▼

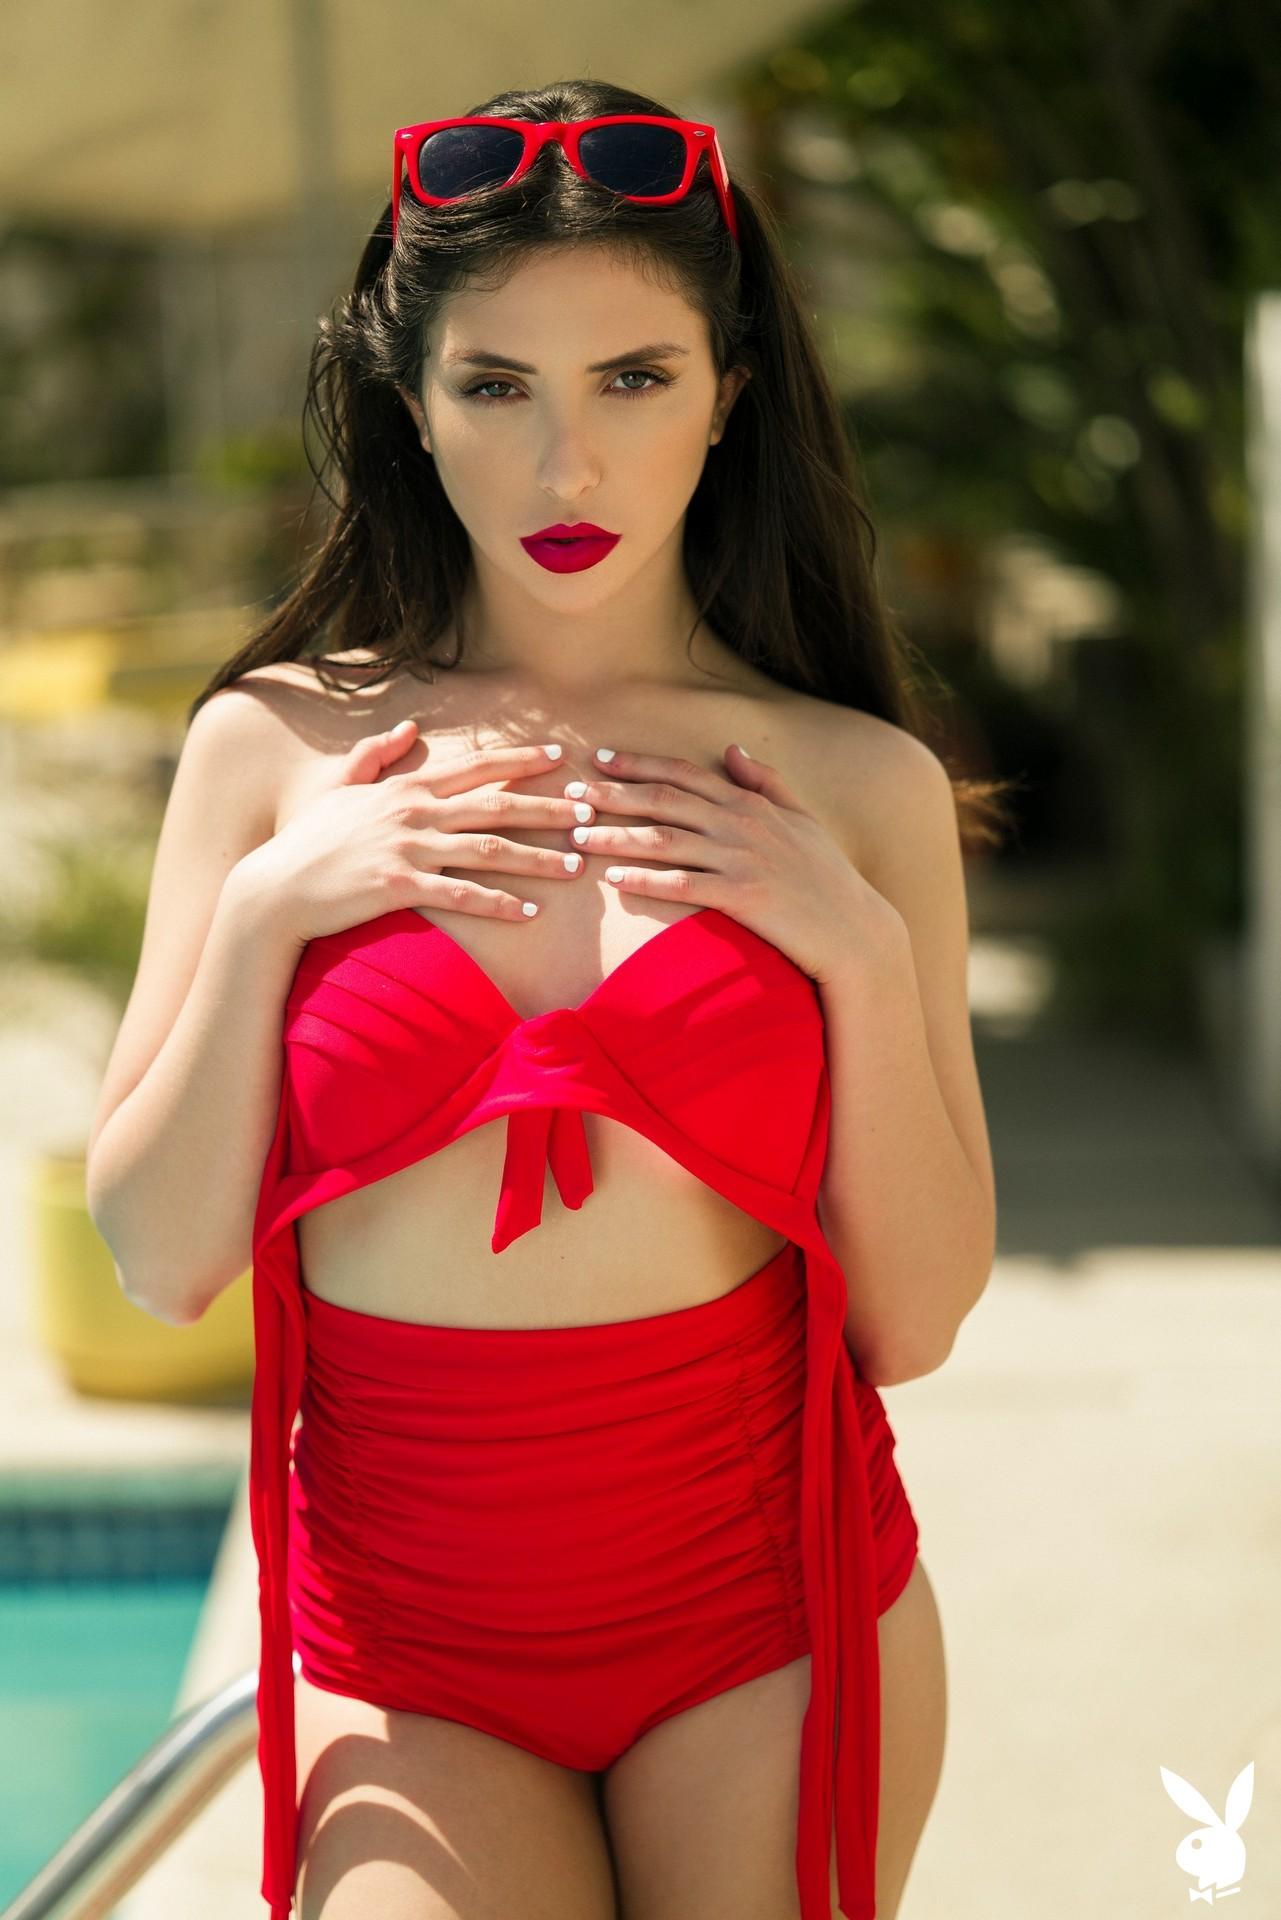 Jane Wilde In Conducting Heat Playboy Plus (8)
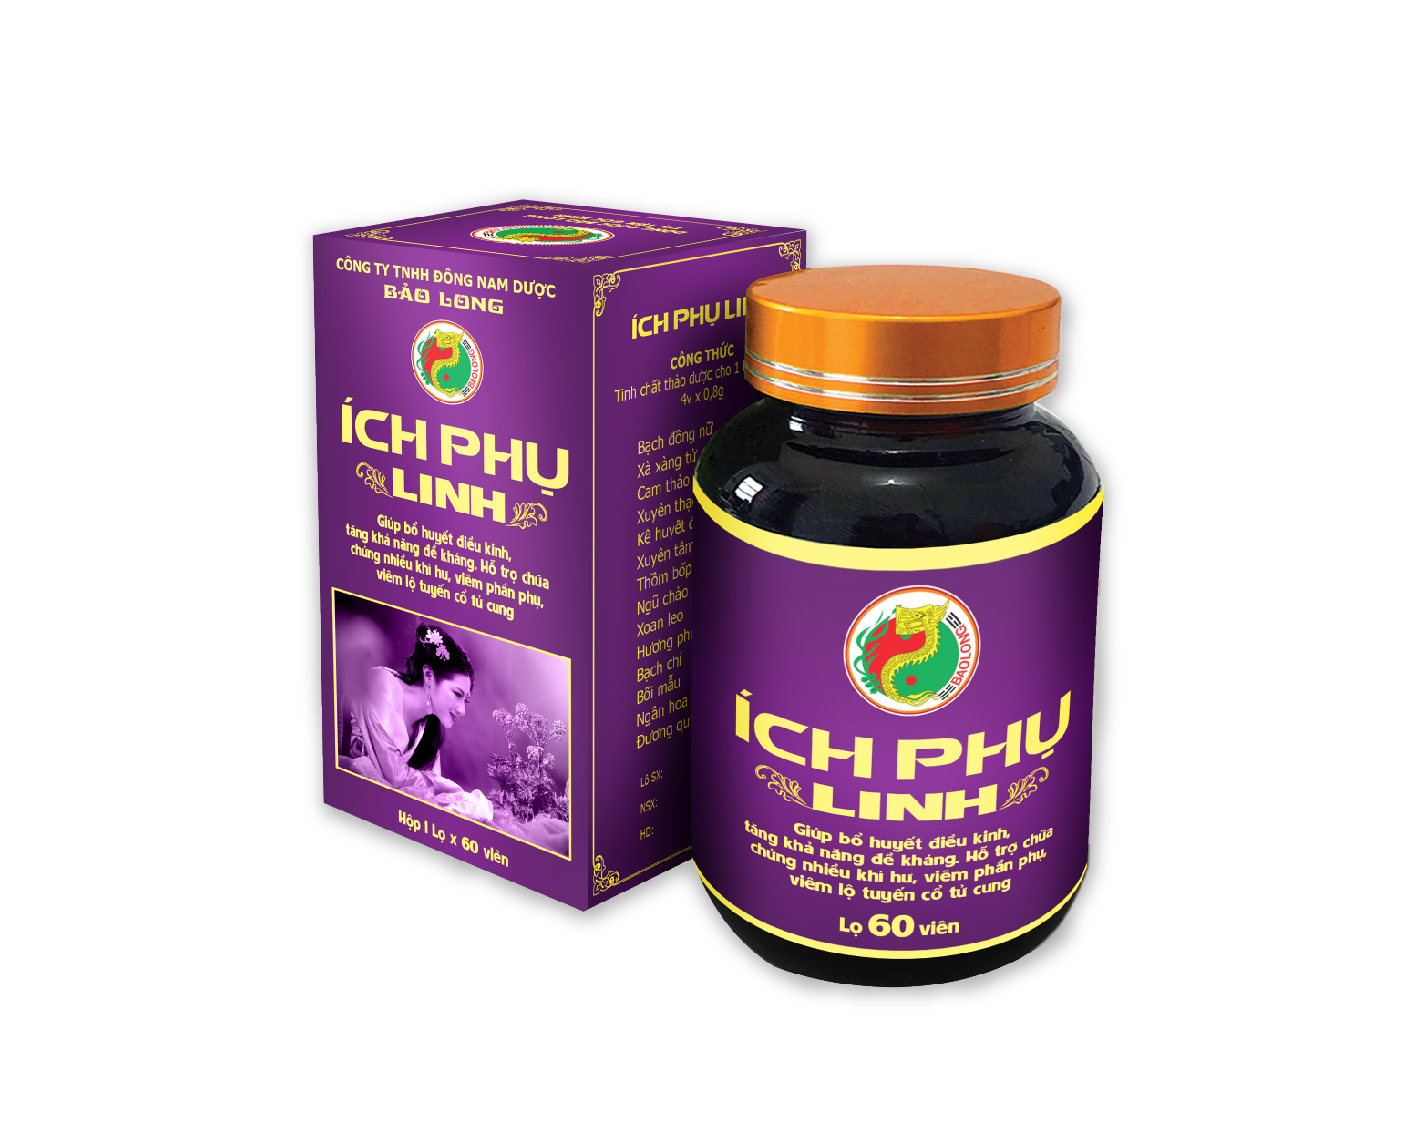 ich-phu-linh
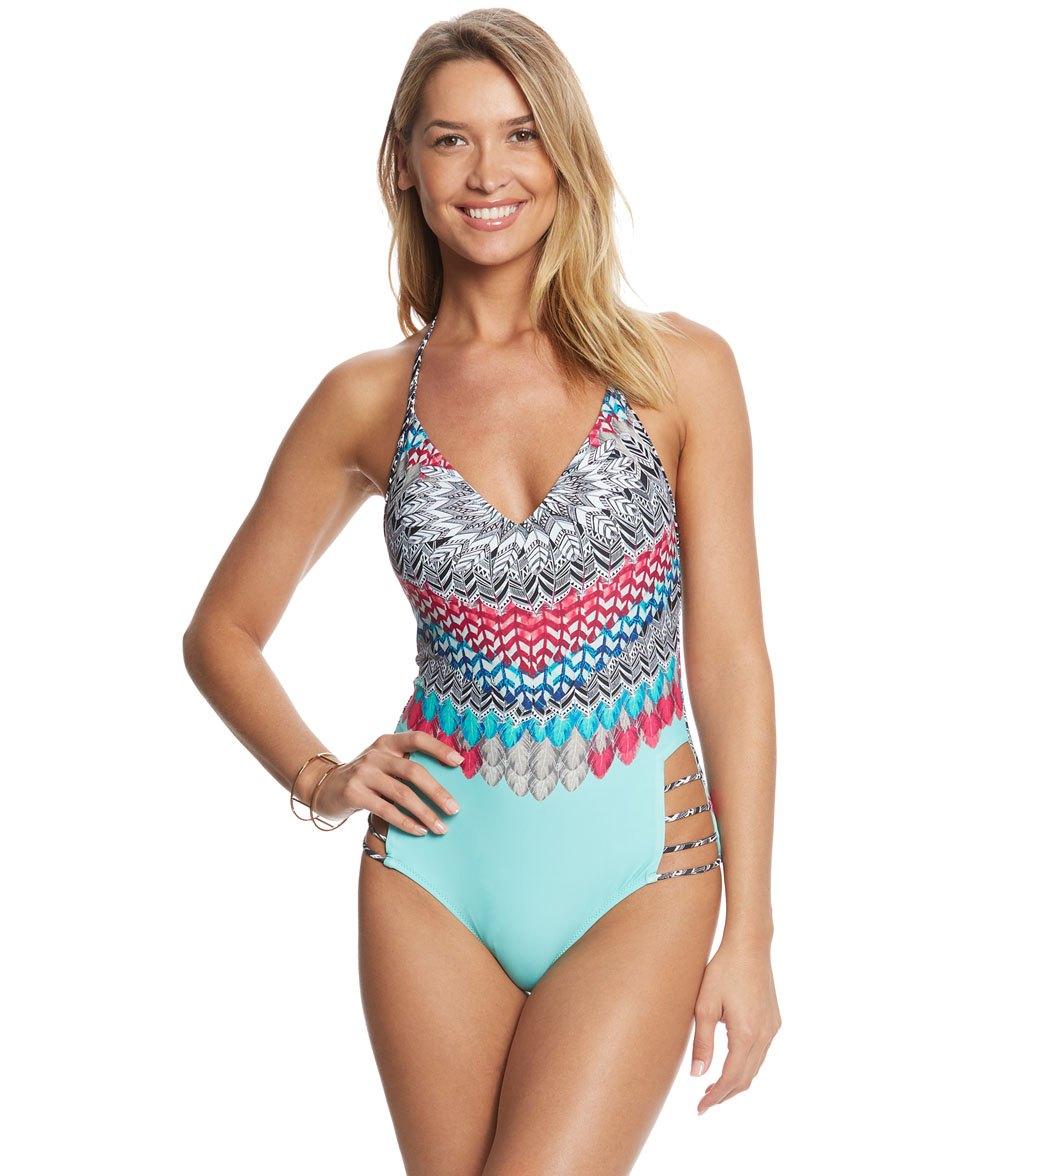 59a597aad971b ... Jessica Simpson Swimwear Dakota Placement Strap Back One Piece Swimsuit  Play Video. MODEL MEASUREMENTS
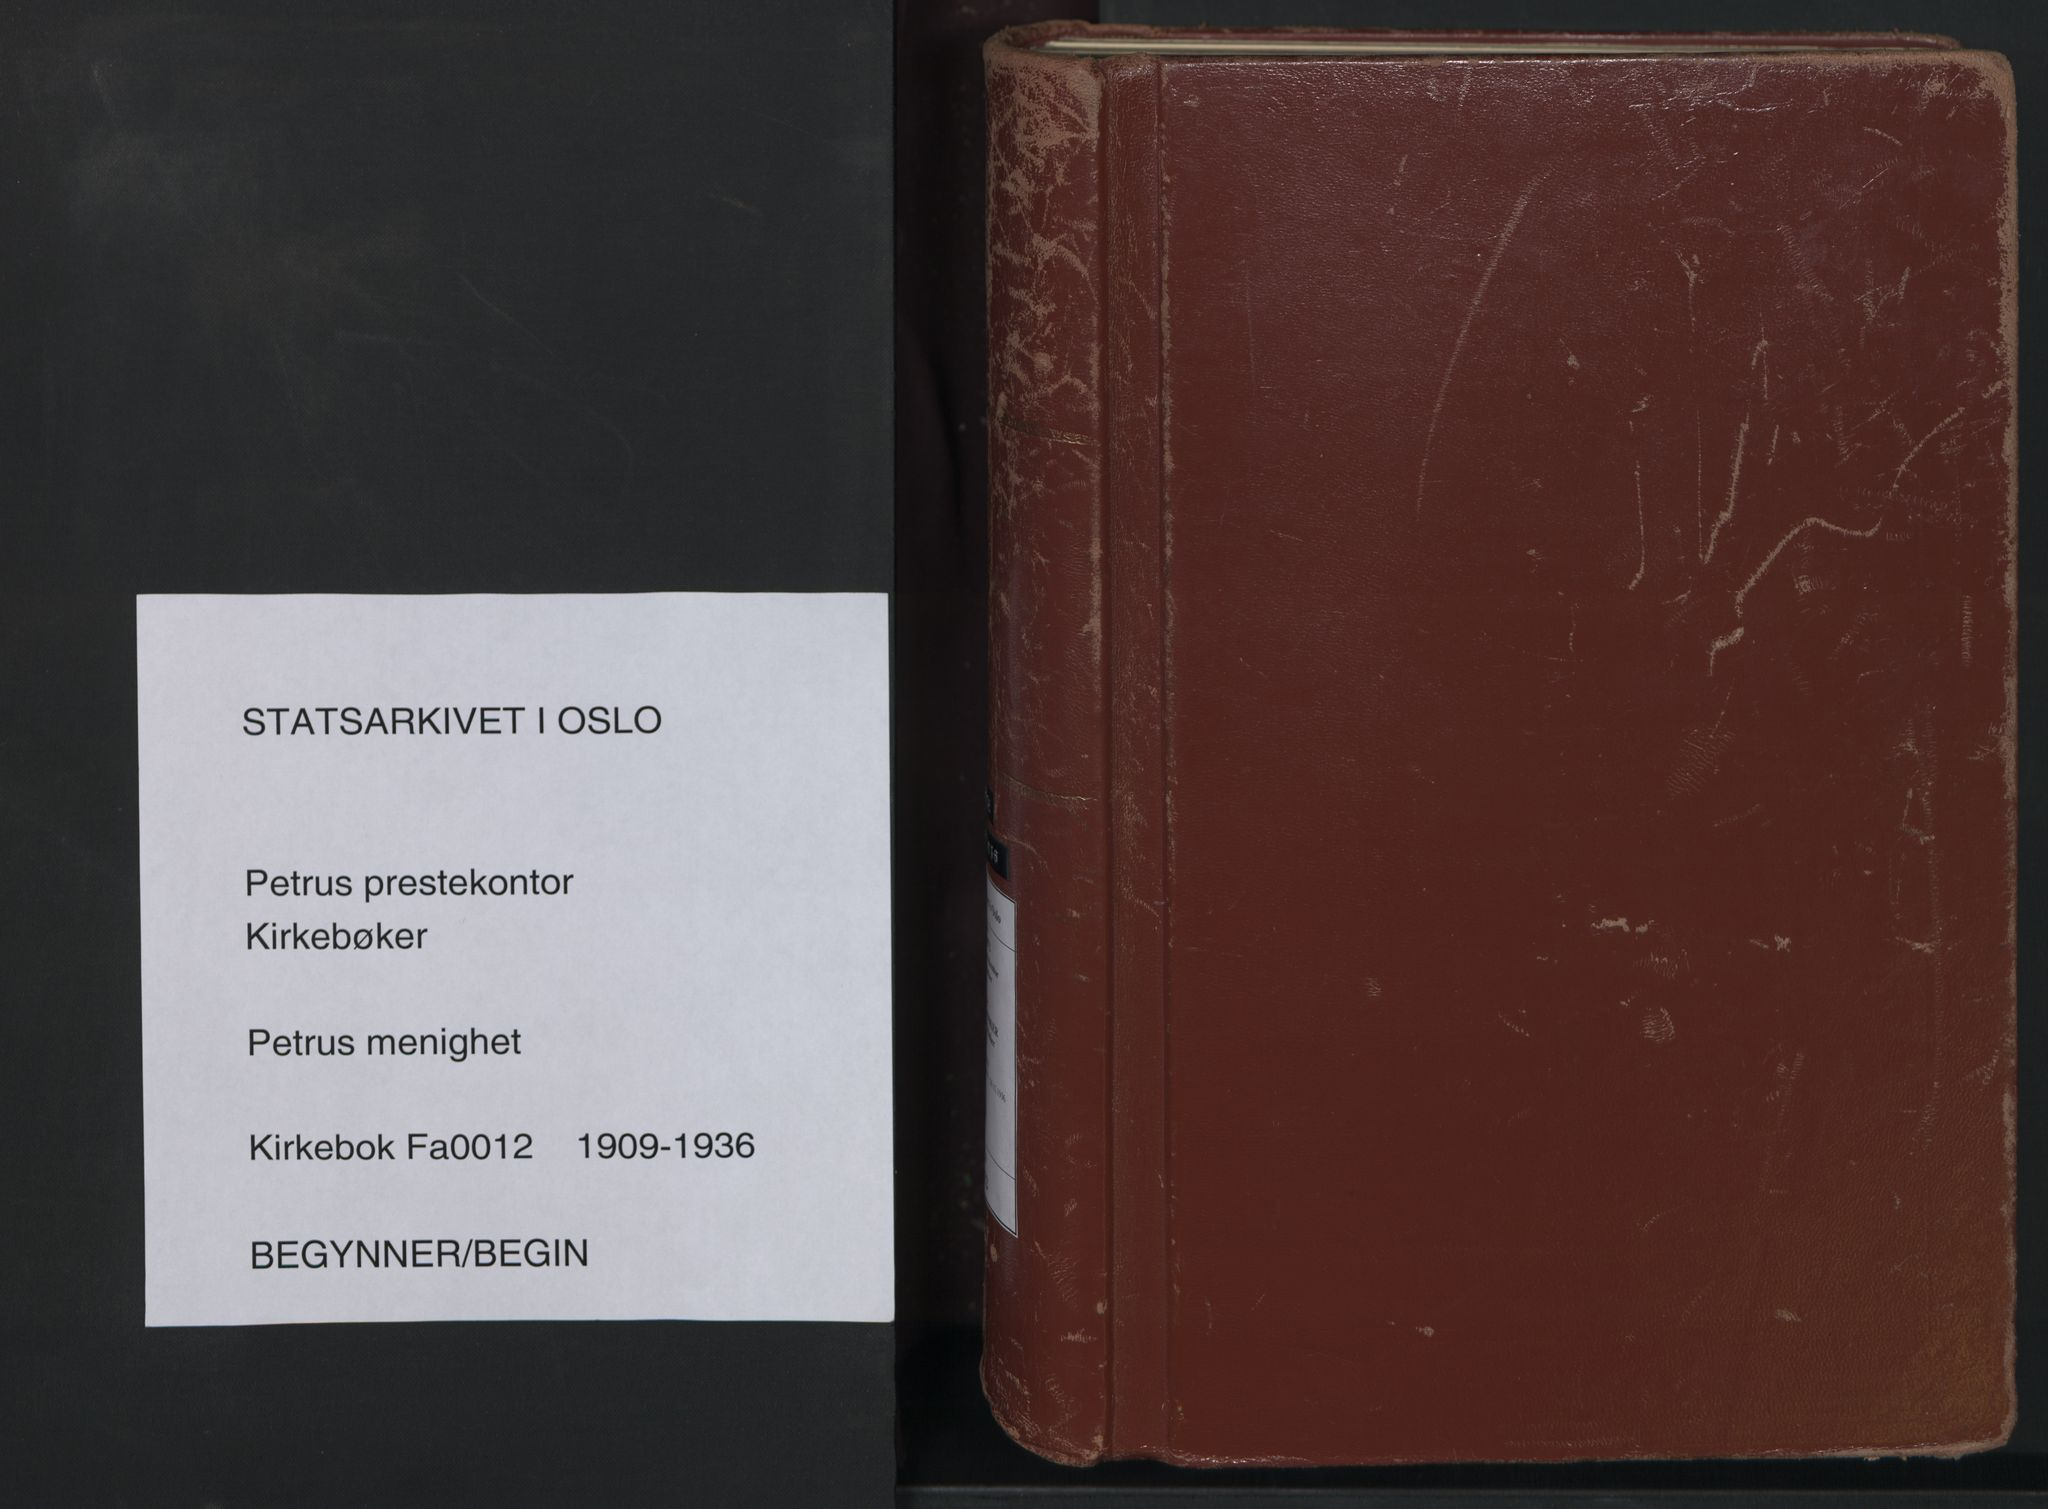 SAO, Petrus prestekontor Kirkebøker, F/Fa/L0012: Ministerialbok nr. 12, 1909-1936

▲

_About this task_
Transcribe the whole listing, character for character, but not its images.

_Task response_
 Jane Wilde In Conducting Heat Playboy Plus (8)
 ich-phu-linh
 59a597aad971b ... Jessica Simpson Swimwear Dakota Placement Strap Back One Piece Swimsuit  Play Video. MODEL MEASUREMENTS
 SAO, Petrus prestekontor Kirkebøker, F/Fa/L0012: Ministerialbok nr. 12, 1909-1936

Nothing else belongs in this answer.